More broadly, the lifting of export restrictions for Nvidia reflects a growing sense among investors that the bellicose rhetoric of several months ago is turning into a softer cadence of looking for dealmaking opportunities. That, in turn, is bringing back into play the question of China as an investable opportunity. Front and center in this debate is one of the year’s best-performing stock markets to date: Hong Kong.
The Window on China
Hong Kong’s role as a window on China – a proxy for those unwilling or unable to venture into the mainland itself – goes way, way back. Back to the days when multinational entrepots like Jardine Matheson and Swire’s – the historical inspirations for James Clavell’s saga “Tai Pan” – mediated between the pecuniary interests of foreign investors and the ever-changing faces of Chinese power from emperors to nationalists, red book-waving communists and Deng Xiaoping-era reformists.
That storied history has taken a hit in recent years as the heavy political hand of Beijing weighed on the freewheeling ways of the Cantonese-speaking island. But there are definite signs of a resurgence, not least of all in the form of the Hang Seng stock index thus far in 2025.
Connecting to the Mainland
What’s behind the strong performance of Hong Kong this year, and why is it outpacing mainland Chinese equity indexes, represented in the above chart by the Shenzhen A Share index (green line)? To answer this, it is worth noting that Hong Kong serves as an opportunity for investors in mainland China – both institutions and individuals – to invest in Chinese companies while avoiding the tightly-controlled domestic financial system. They can do this via a mechanism called Stock Connect. Many of the most sought-after Chinese equity names – the likes of tech giants Alibaba and Baidu – are available in Hong Kong via Stock Connect but are not quoted on mainland exchanges.

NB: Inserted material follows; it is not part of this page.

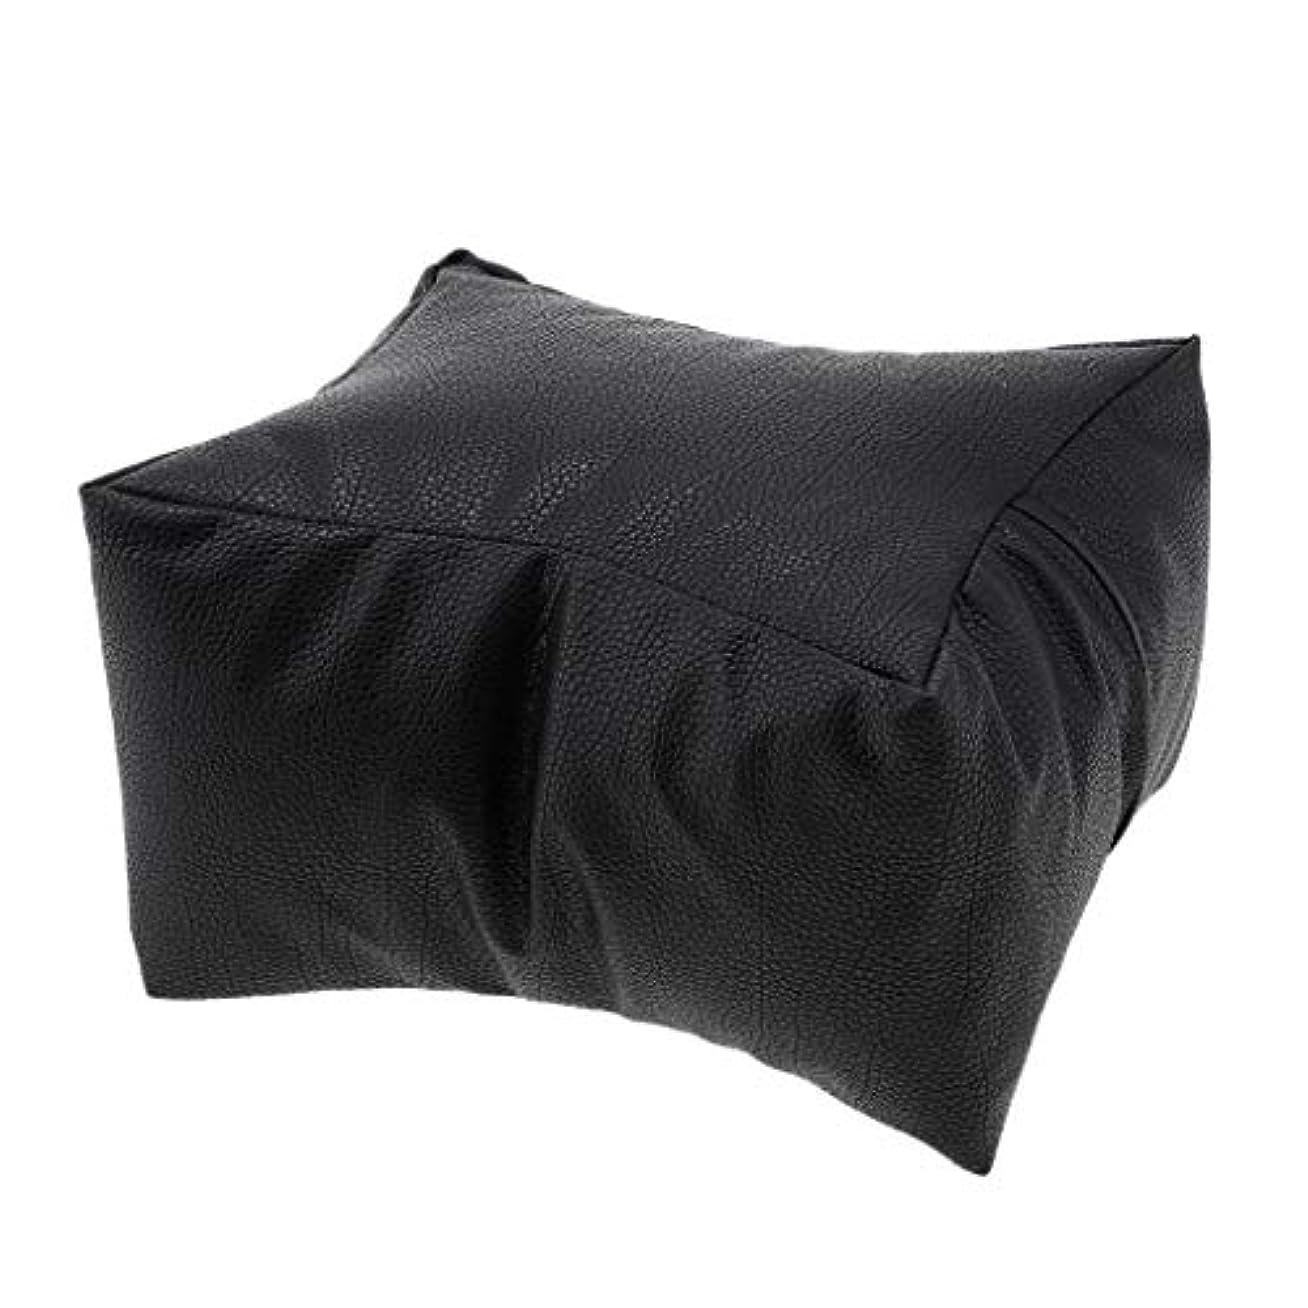 回転させる昼寝キノコToygogo 洗える手枕PUレザーアームレストクッションマニキュアツールサロン美容アクセサリー - ブラック

This year, over $104 billion has been invested into Hong Kong from mainland sources, more than the amount invested over the entire year last year. Perhaps unsurprisingly, this has been happening as new listings by Chinese companies in Hong Kong are also at a record: 208 companies in the first six months of 2025, making Hong Kong the largest IPO market in the world so far this year, with $13.9 billion in deal flow compared to $9.2 billion on Nasdaq, $7.8 billion on the NYSE and less than half a billion in London.
Absent at the Feast
What is missing from this picture – or at least, what is not dominating the picture so far – is meaningful investment flows from origins other than China. This goes back to that question we introduced earlier: is China investable? There have been plenty of reasons for international investors to answer that question in the negative. The Chinese economy has been in the doldrums for years now, with the chronic sickness of its all-important property market and lackluster consumer spending that keeps the economy teetering on the brink of deflation.

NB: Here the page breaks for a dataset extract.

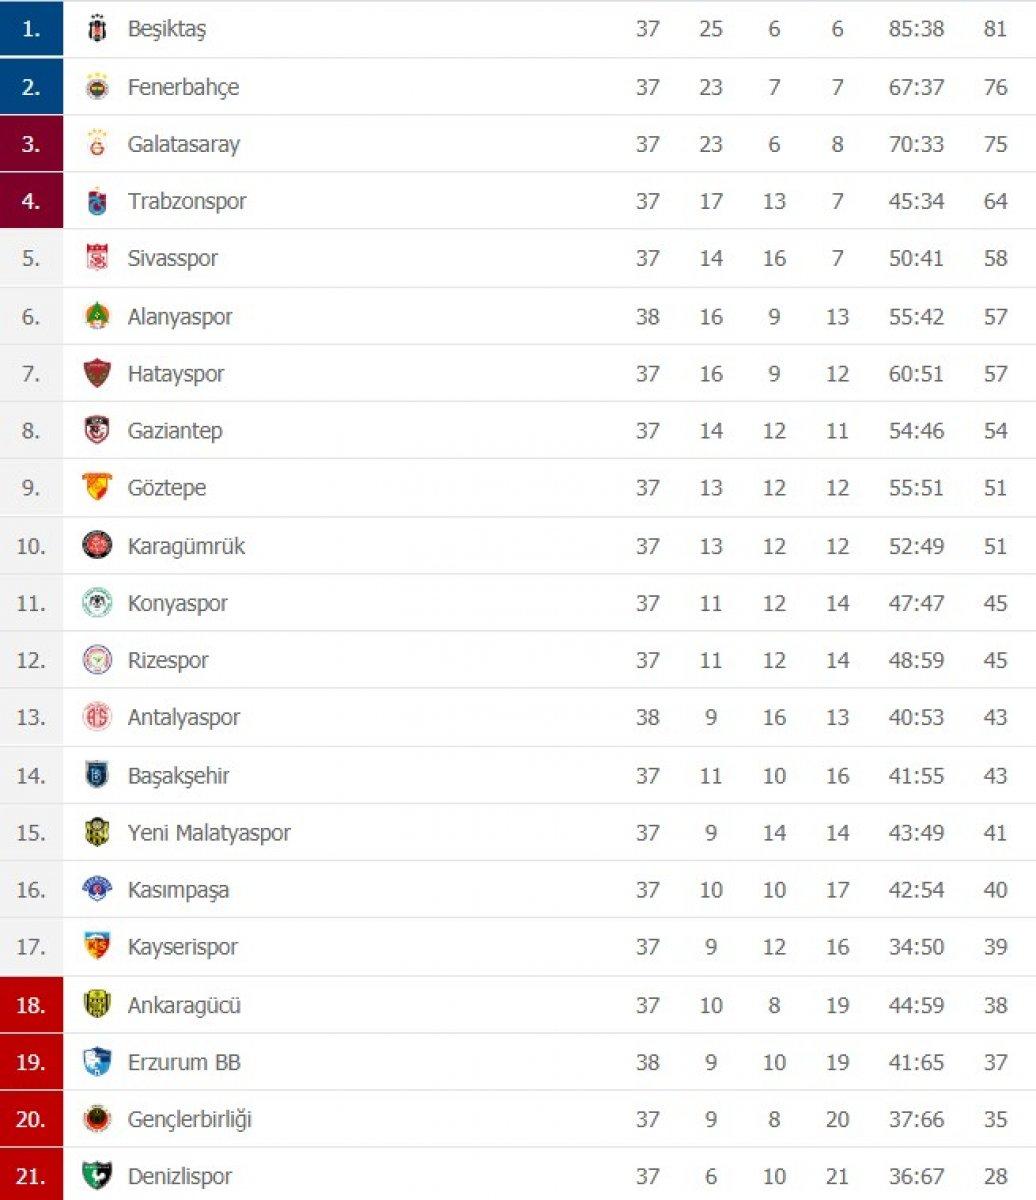 Süper Lig de puan durumu ve gelecek haftanın fikstürü #1
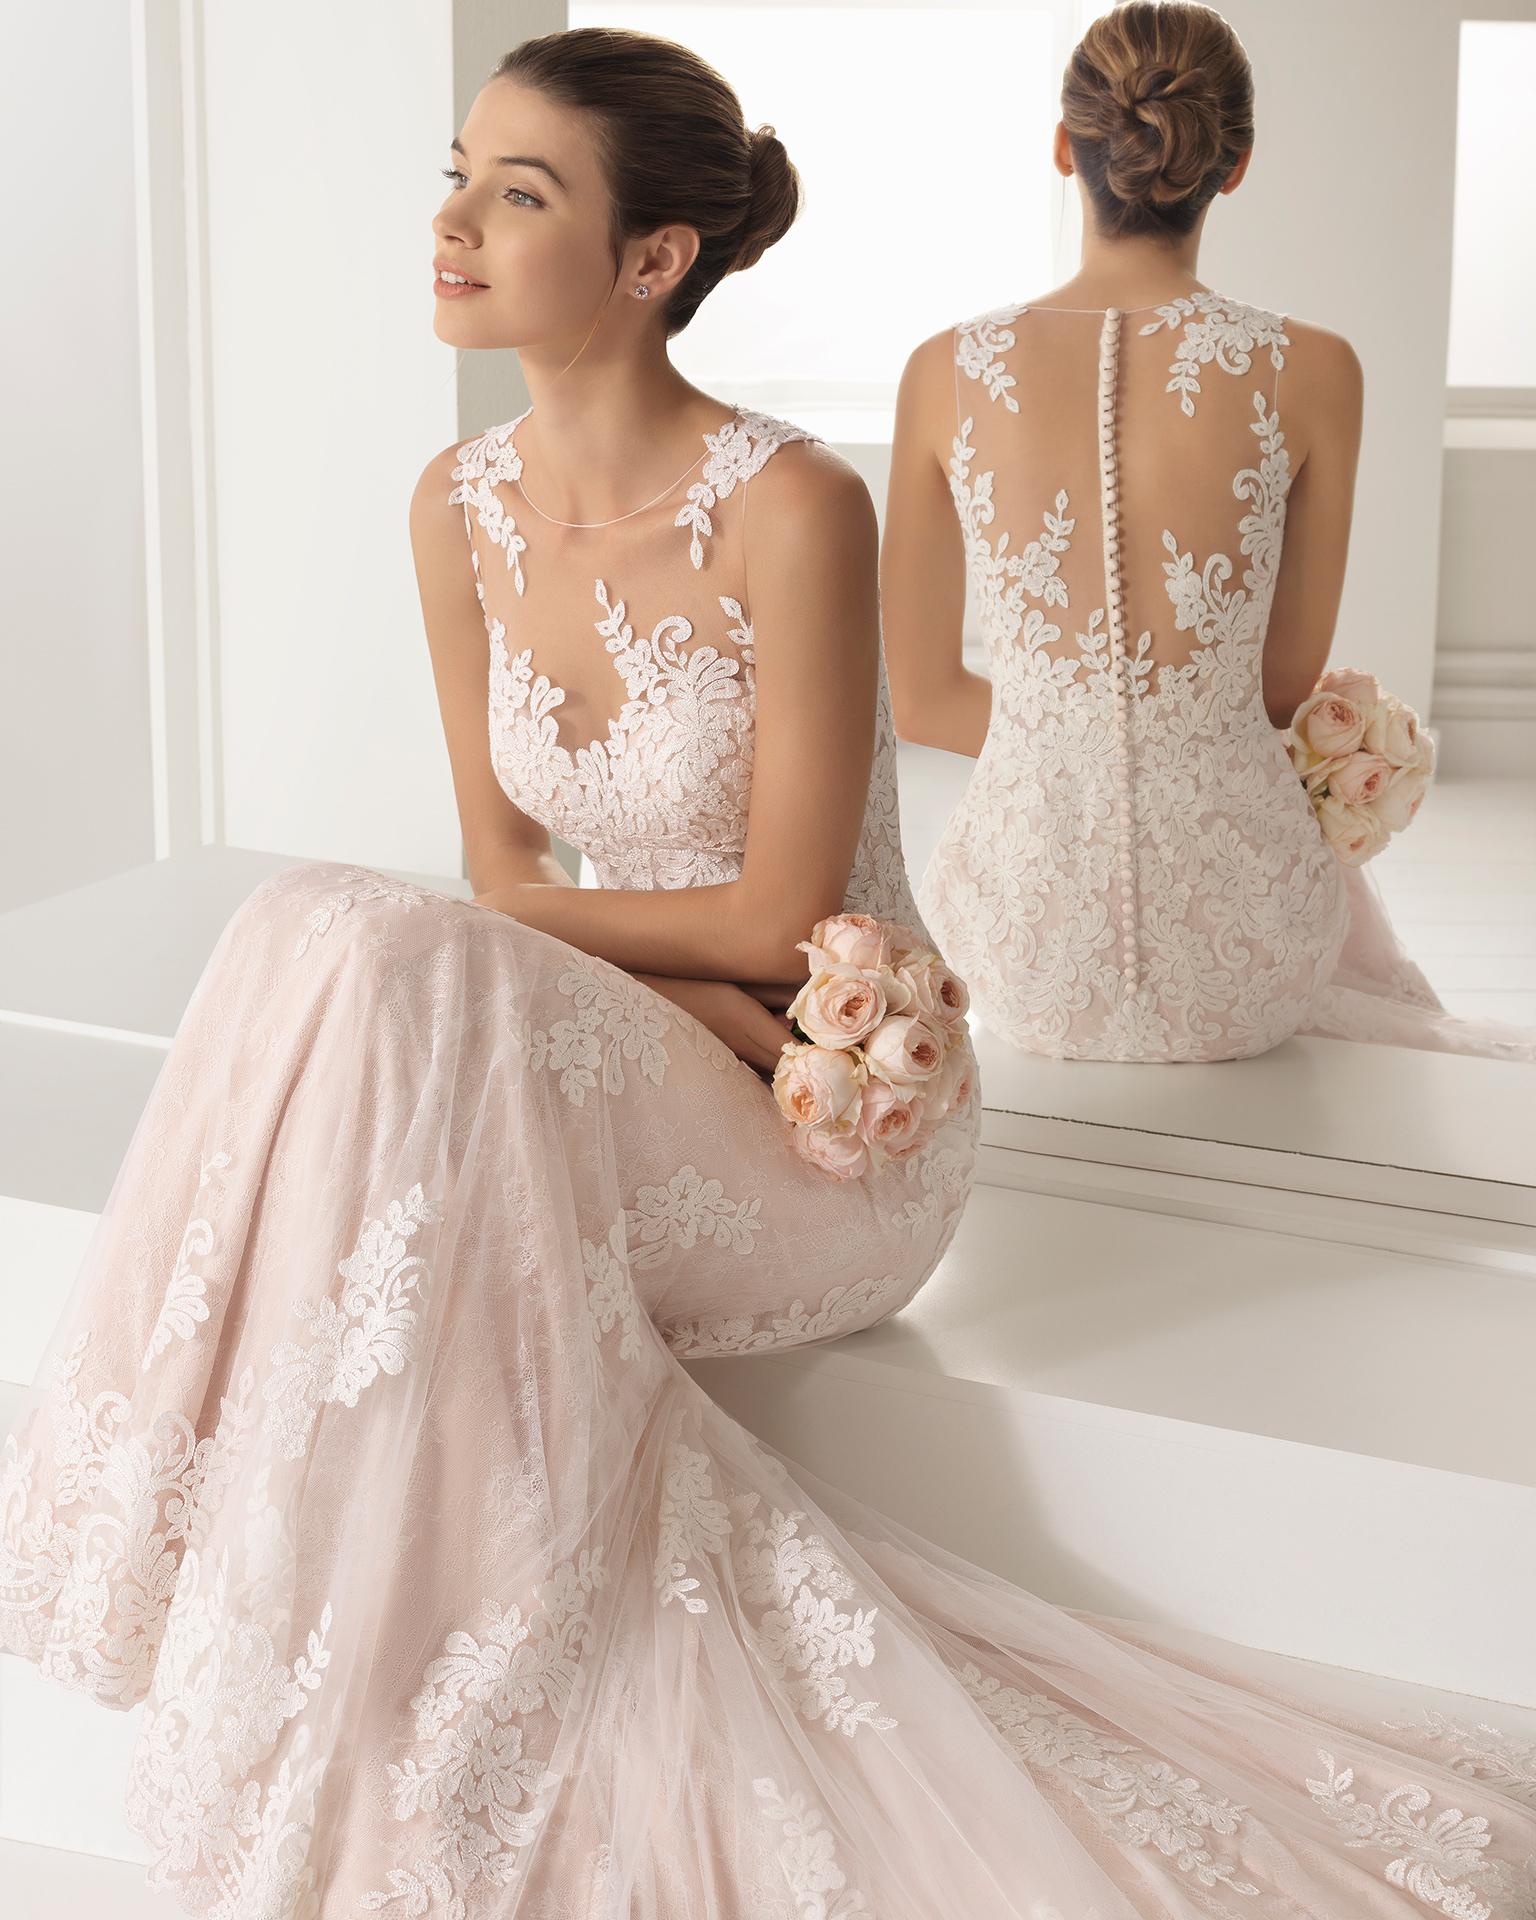 Vestido de novia estilo romántico en encaje transparente con escote ilusión en color natural y en rosé.

But there are longer-term strategic reasons to question this hitherto conventional wisdom. China has a long term strategy predicated on achieving superiority in the so-called industries of tomorrow: artificial intelligence, clean energy and biotechnology, among others. China’s carmaking industry is now world class, particularly in the electric vehicle segment where it is the number one global producer. The fortunes of leading carmaker BYD are rising as those of Tesla are falling. The export-driven economy has managed to withstand the pain inflicted by the trade war – which, as noted above, appears to be softening.

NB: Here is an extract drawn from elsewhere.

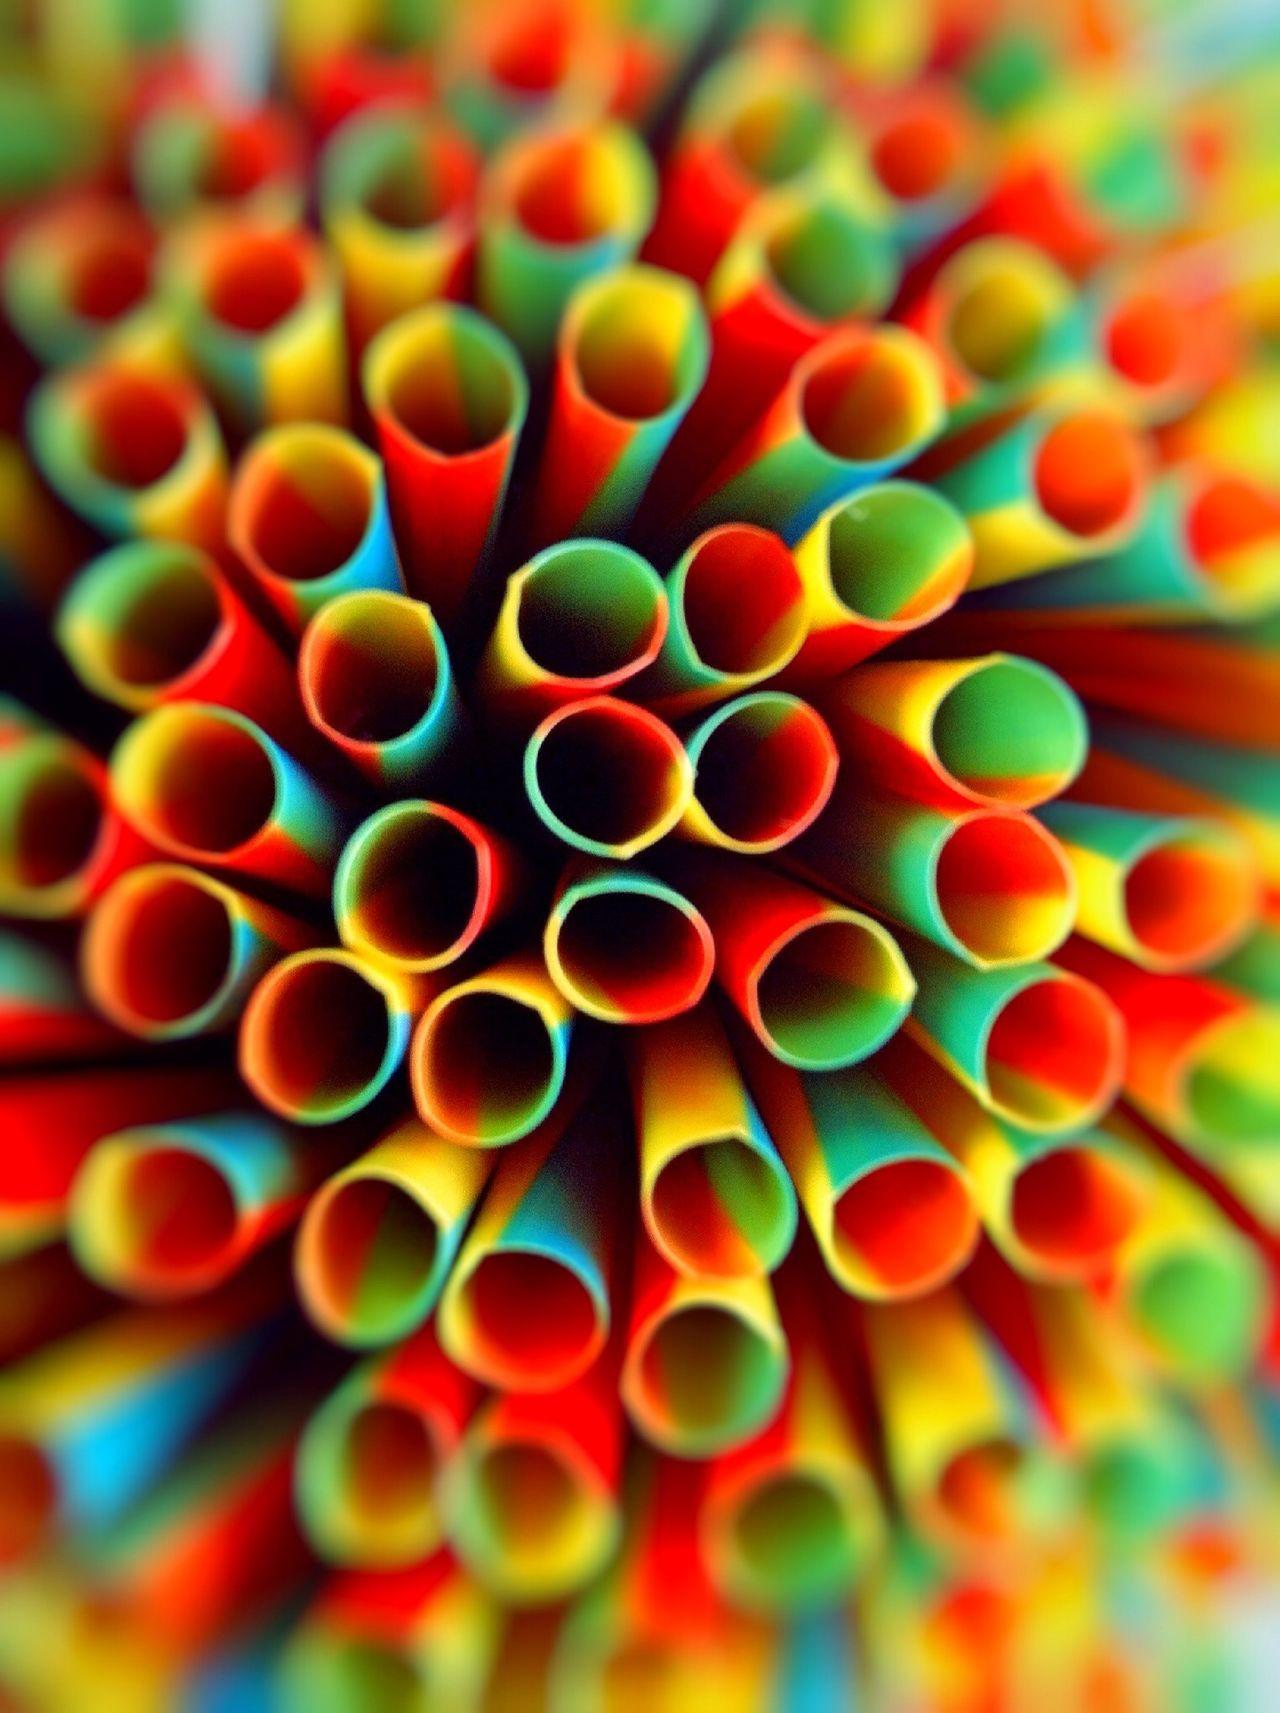 Beautiful stock photos of abstract, Abundance, Backgrounds, Circle, Close-Up

Exposure to Hong Kong equities is not particularly difficult for international investors. Exchange-traded funds like the iShares MSCI Hong Kong ETF – or the MSCI Pacific ex-Japan variant if one wants some added diversification into other regional markets (Singapore, Australia and New Zealand alongside Hong Kong) – are liquid and cost-efficient. The risks are still there, of course. But as a long-term strategy, the China case study is not without merit. Hong Kong, in its time-honored role as a window on China – is a potentially attractive way to gain a foothold.